The shipbroker added that “simultaneously, uncertainty surrounds the Saudi program and though a record production rate during June was reported this week, the short August program does imply some pullback. Assuming that the short August Middle East program was merely a blip in-line with a similar temporary pullback observed during September 2014 (when oil prices commenced their surplus supply-driven tumble), there are reasons to believe that by the end of the September Middle East program supply/demand fundamentals will be more closely aligned to support a directional rebound through Q4. Contributing further to this expectation is this week’s news that Angola will boost its crude exports during October to a four-year high with Asia the likely destination of the increase”.

CR Weber also mentioned that “as West Africa cargoes are worked in advance of those in the Middle East, any corresponding increase in VLCC demand in the region – and a corresponding draw on Middle East positions – to service October cargoes should occur around the time that Middle East charterers move into the second-decade of the September program there.
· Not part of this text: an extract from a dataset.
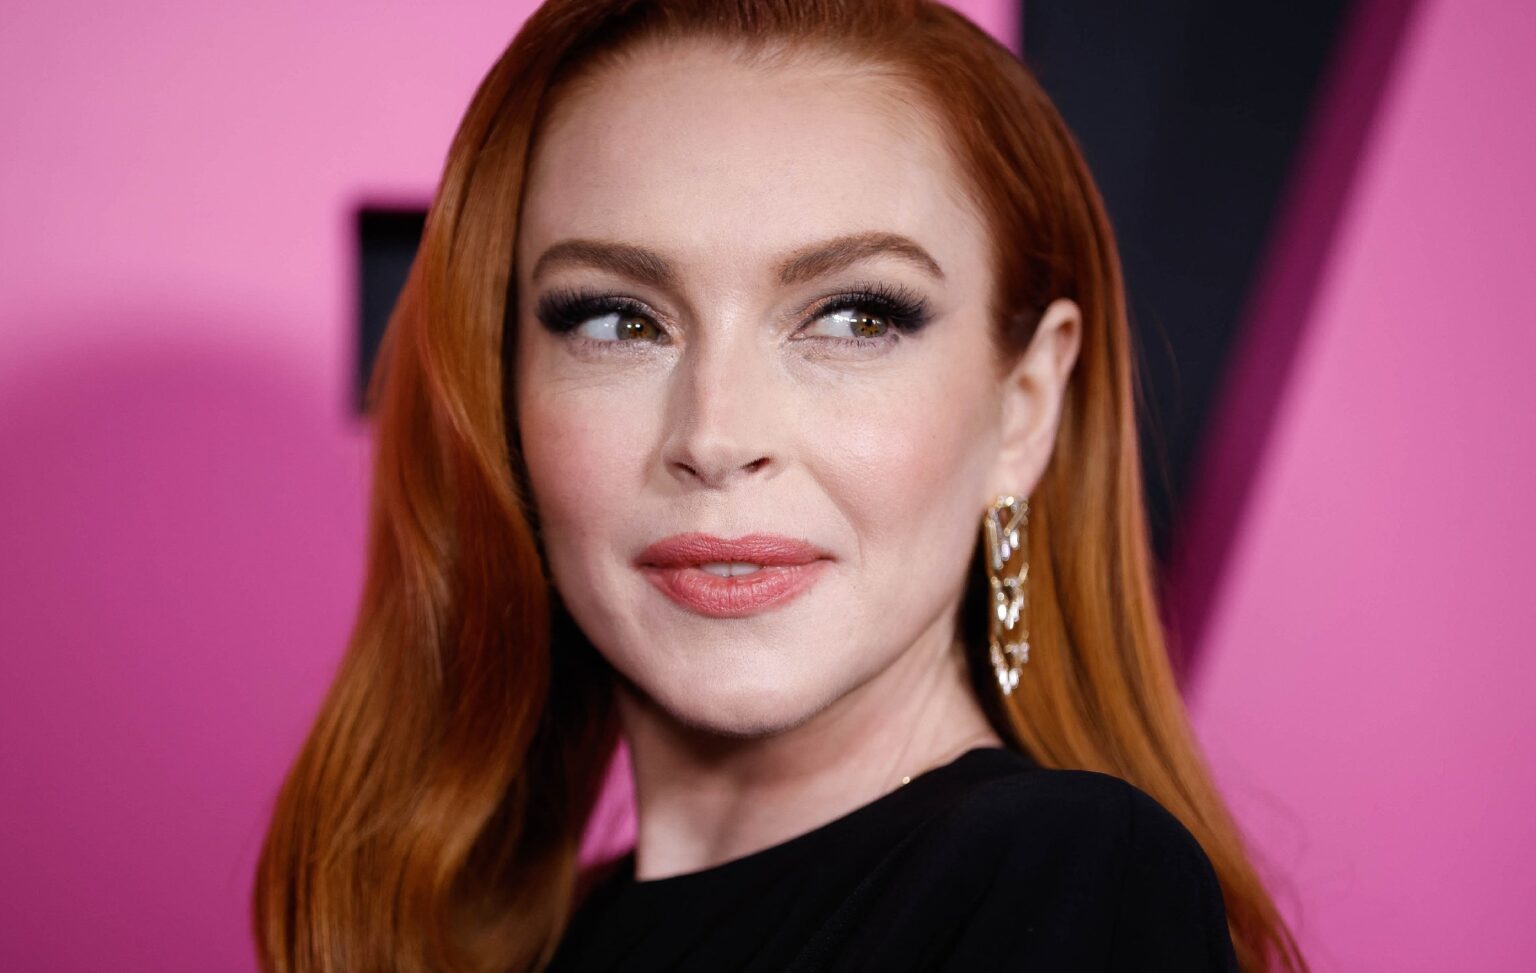 Lindsay Lohan “magoada e decepcionada” com piada no novo ‘Meninas Malvadas’

The coinciding of stronger demand in both markets at that time will likely lead to a reversal of sentiment and support fresh rate gains. In the interim, however, rates appear likely to remain modestly soft. Middle East Rates to the Far East fell 9.3 points w/w to an average of ws33.3 while the closing assessment stands at ws30. Corresponding TCEs were off by 30% to an average of ~$27,863/day while the present assessment yields ~$23,736/day – a fresh YTD low. Rates to the USG via the Cape were assessed at an average of ws23.1, off by 1.8 points from last week’s assessed average. Triangulated Westbound trade earnings fell 4% w/w to an average of ~$58,478/day. Atlantic Basin Rates on the WAFR-FEAST routes shed 6.9 points w/w to conclude at an average of ws45.1. Corresponding TCEs were off by 17% to an average of ~$41,468/day. IN the Caribbean market, rates were softer on the back of generally sour sentiment in the wider VLCC market. Regional supply/demand fundamentals remain unchanged; however, units freeing in the Red Sea are now looking at ex?Caribbean business, which boosts the effective supply. The CBS-SPORE route fell by $100k to a closing assessment of $5.9m and remains under modest negative pressure”, CR Weber concluded.

Suezmax

Meanwhile, in the Suezmax market, “chartering demand in the West Africa Suezmax market trimmed modestly with 21 fresh fixtures representing a 4.5% w/w reduction. A low Brent premium to Dubai benchmarks has helped to support Asian demand, though corresponding support for VLCC demand in the region from Asian buyers during the September program has been largely kept in check due to high crude and product inventories and more extensive seasonal maintenance. As a result, the spread between West Africa cargoes between VLCCs and Suezmaxes during the September program has thus far been largely unchanged from August (thus far). While this has implied stronger Suezmax demand and weaker VLCC demand (as compared with the first seven months of 2015), Suezmax rates have remained weak. The WAFR-USAC and WAFR? UKC routes shed 5 points and 2.5 points, respectively, to ws65 and ws67.5. A seasonal pullback in Aframax demand has reduced rates for both Aframaxes and Suezmaxes in turn (given the larger class’ ability to compete when Aframax markets are tight). Late purchases of September West Africa cargoes could offer support to Suezmaxes depending on the extent thereof; otherwise rates appear likely to be around a near-term floor”, CR Weber concluded.

Aframax

Finally, “the Caribbean Aframax market remained soft this week on the back of continued subdued activity with the weekly fixture tally easing 17% w/w to a total of 10. Rates remained soft throughout the week with the CBS-USG route ultimately losing 2.5 points to conclude at an assessed ws80. A late week fixture at ws90 was reported, though this fixture required high heating and had max-DWT restrictions; as such this fixture is not entirely reflective of market fundamentals. Owners will likely try to capitalize on the high last-done rate at the start of the upcoming week though these attempts will be complicated by the ongoing availability of prompt tonnage. As such, failing an early-week demand surge, rates appear set to remain soft”, CR Weber concluded.